● **Prompt**
A letter-for-letter copy of the listing is required, with no pictures in it.

● **Given information**
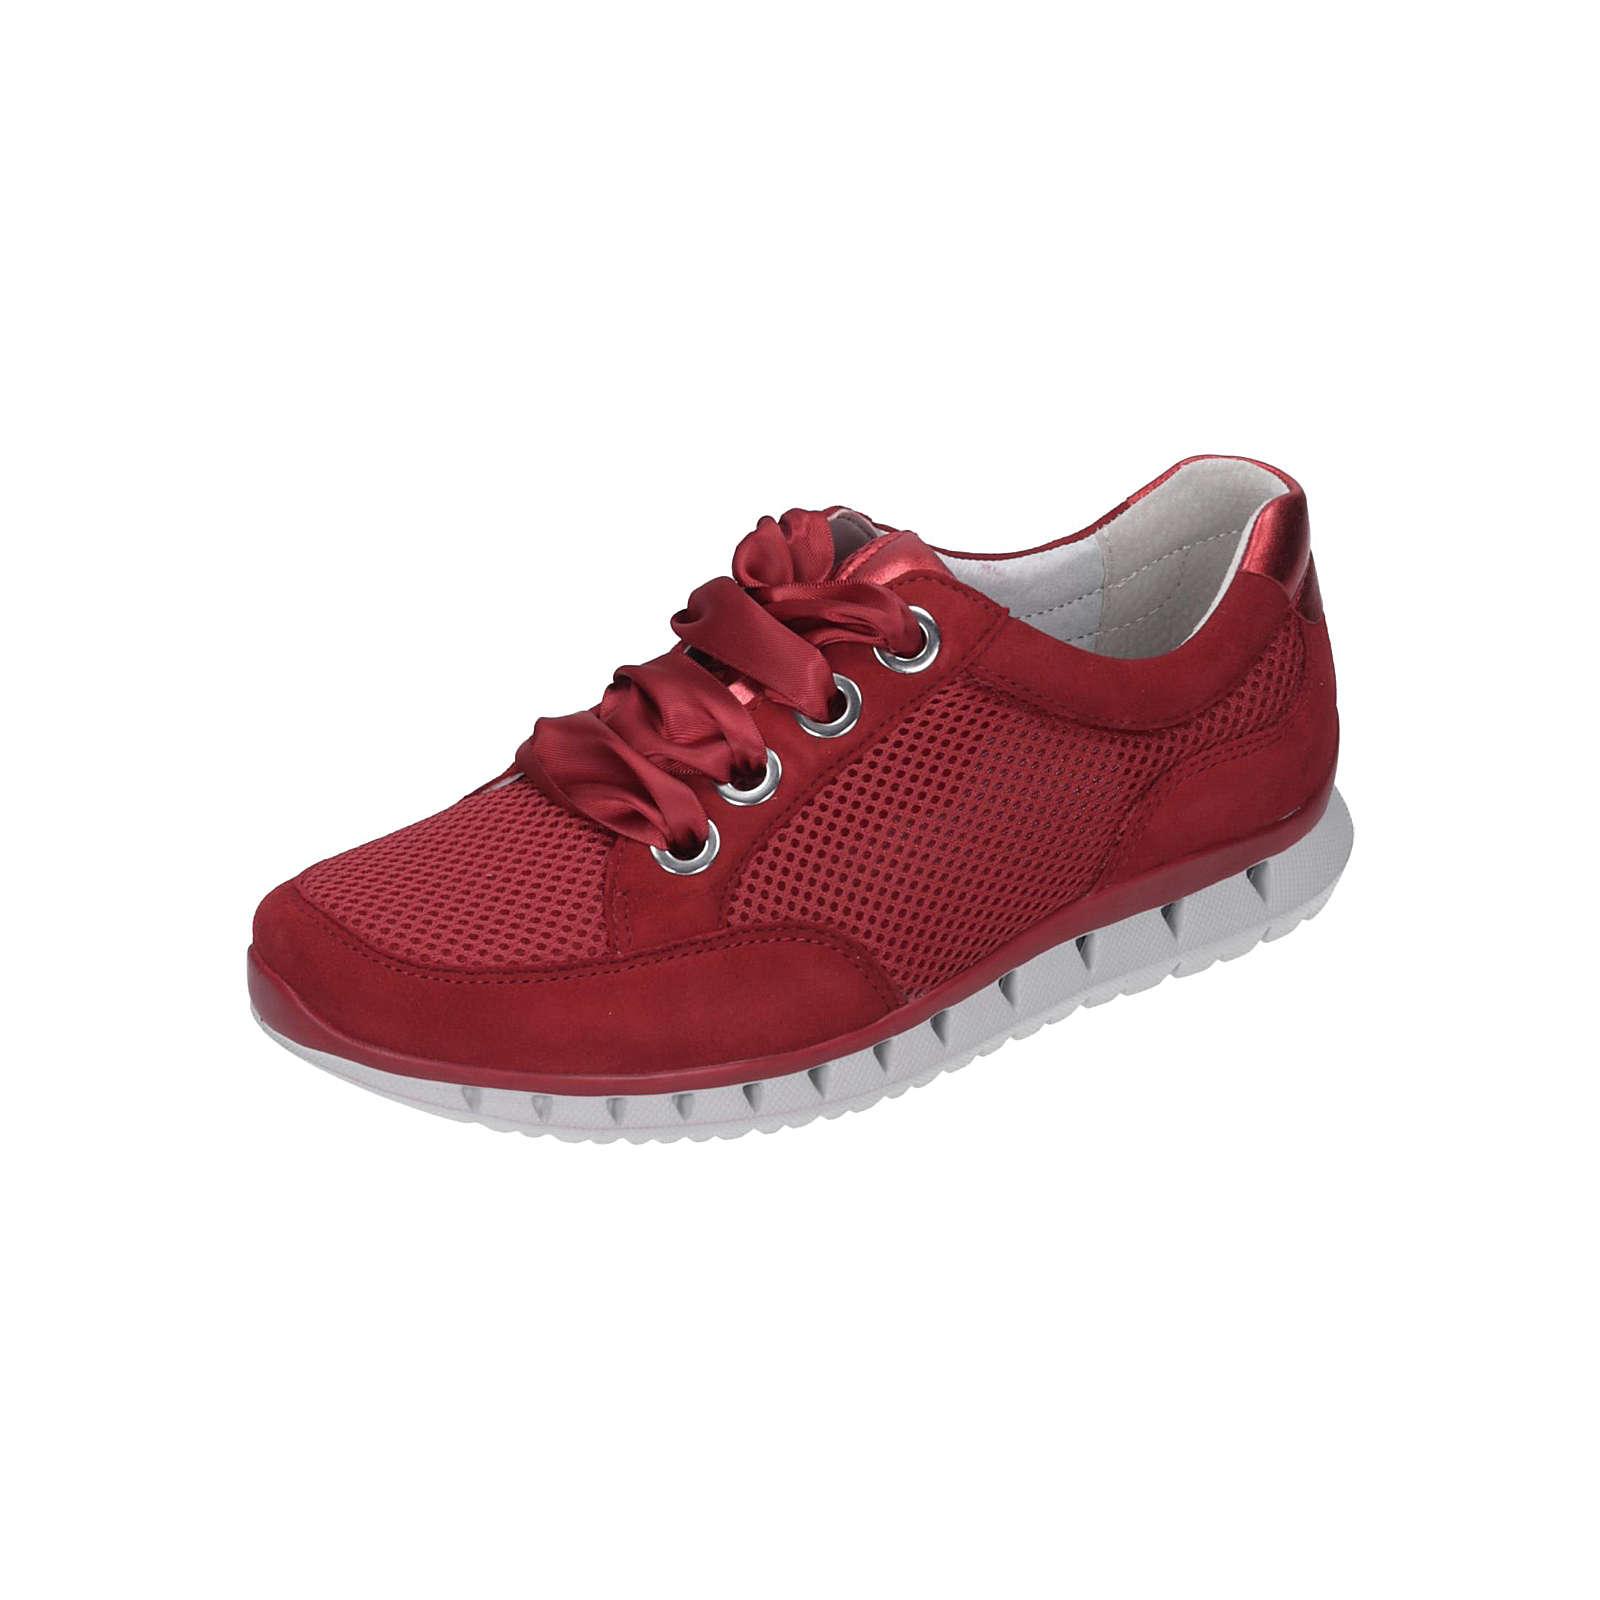 Gabor Damen Sneaker Sneakers Low rot Damen Gr. 40 2/3
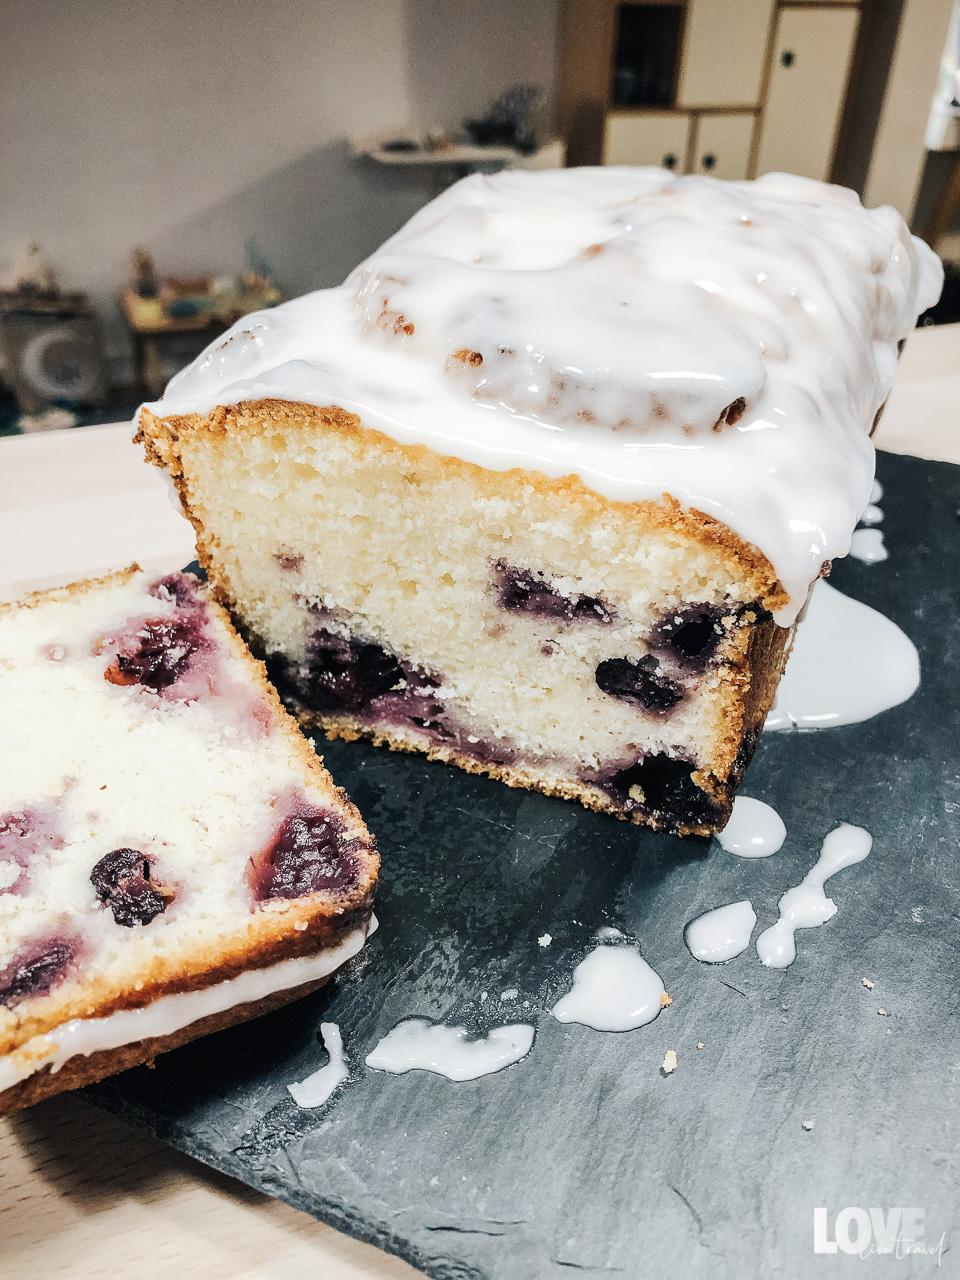 Recette du cake au citron et myrtilles blog voyage et lifestyle lovelivetravel
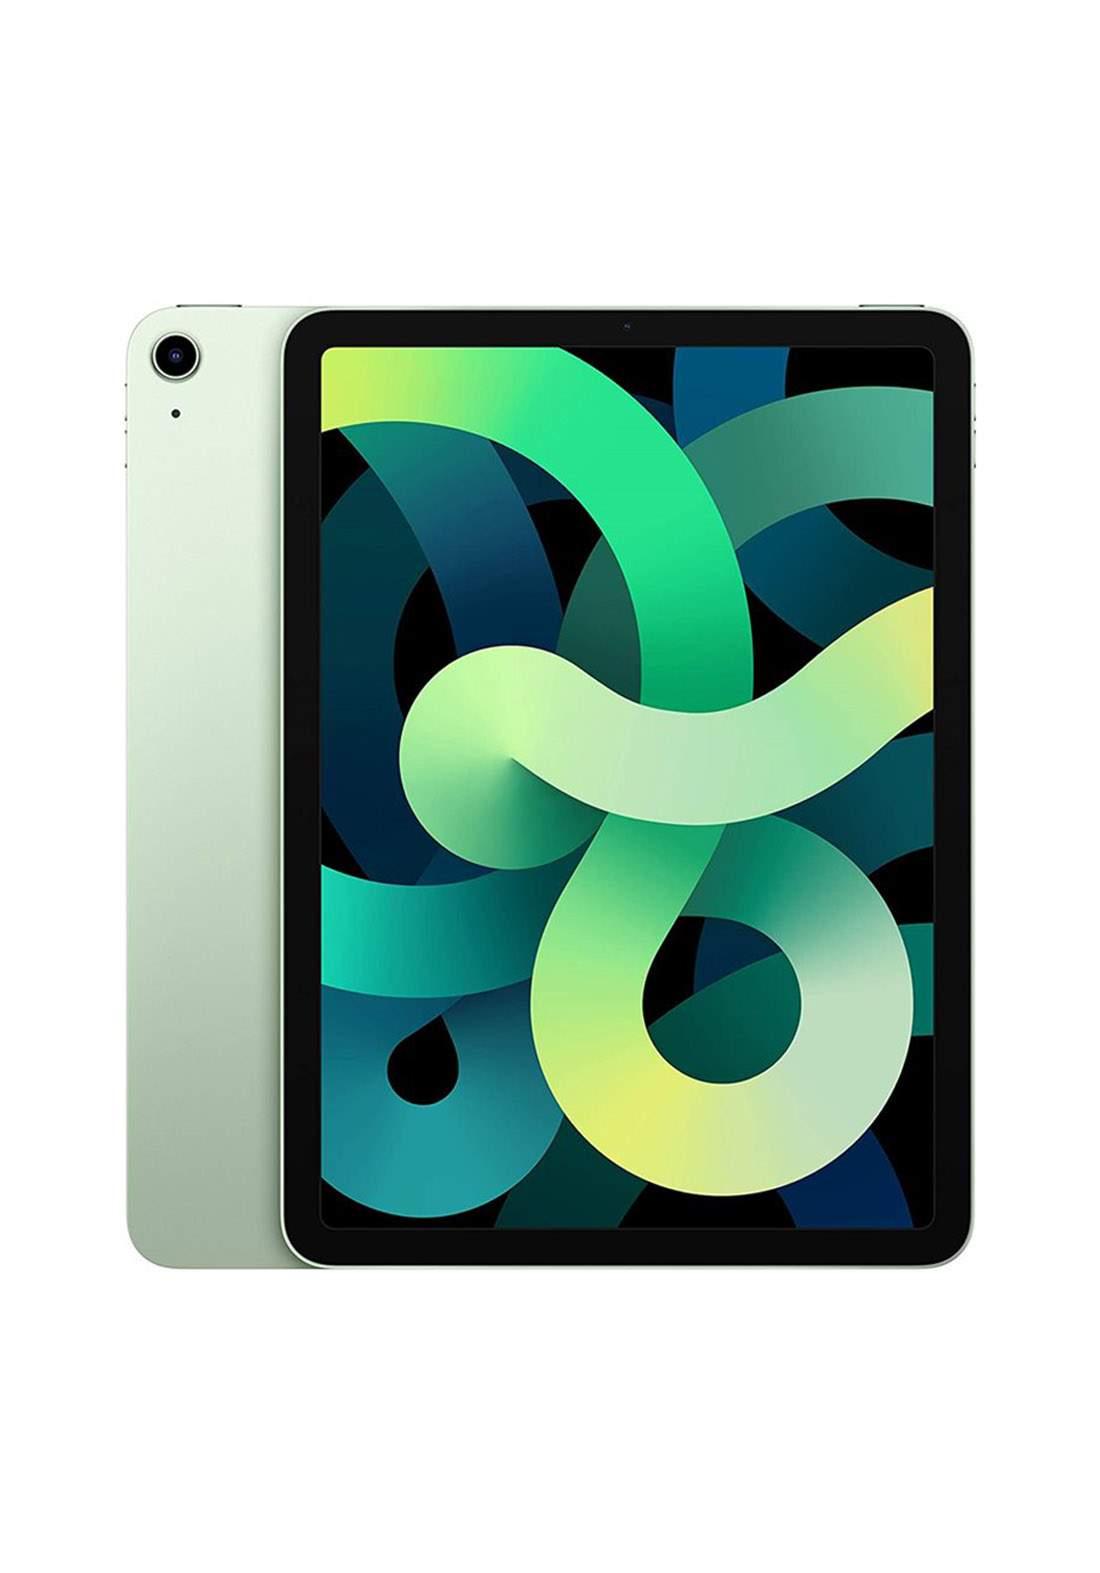 Apple iPad Air WiFi 4GB RAM 64GB - Green
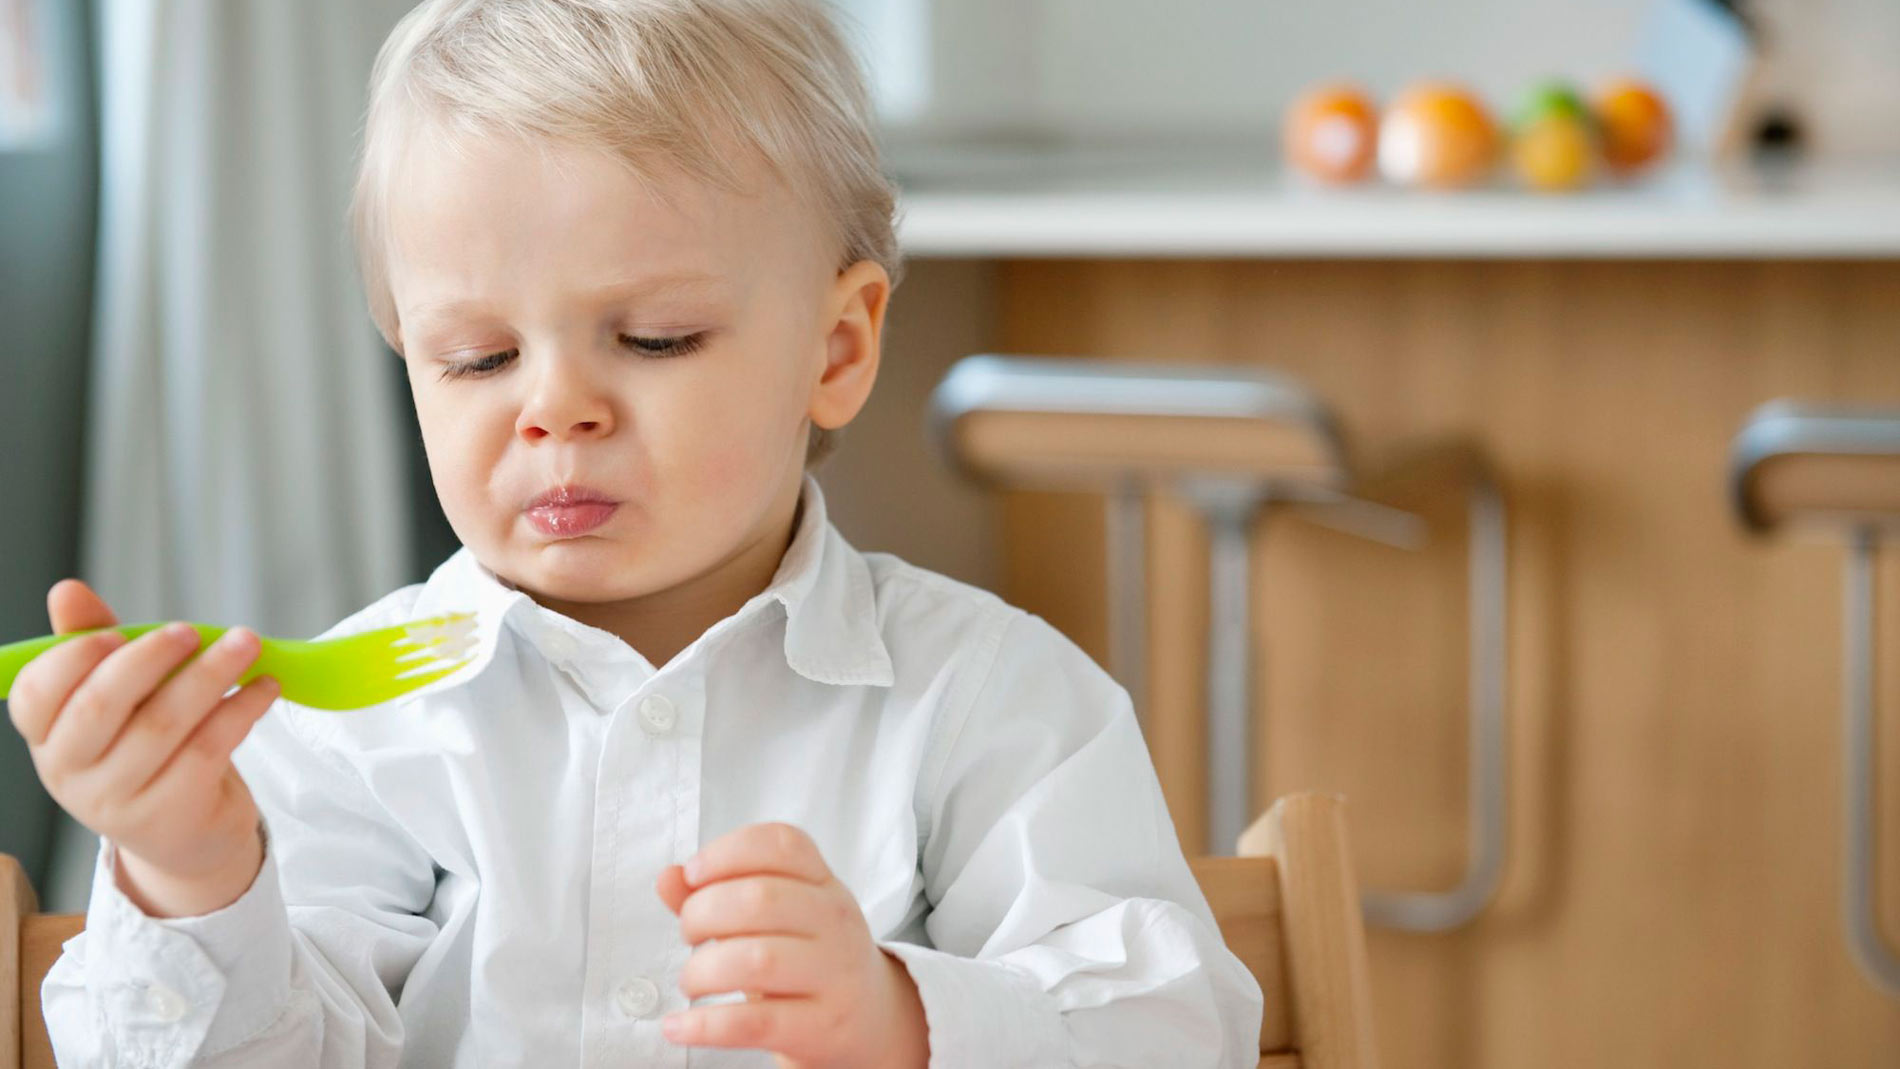 دلیل اختلال بلع در کودکان و درمان آن

● **Expected output**
 Gabor Damen Sneaker Sneakers Low rot Damen Gr. 40 2/3
 Recette du cake au citron et myrtilles blog voyage et lifestyle lovelivetravel
 Apple iPad Air WiFi 4GB RAM 64GB - Green
 دلیل اختلال بلع در کودکان و درمان آن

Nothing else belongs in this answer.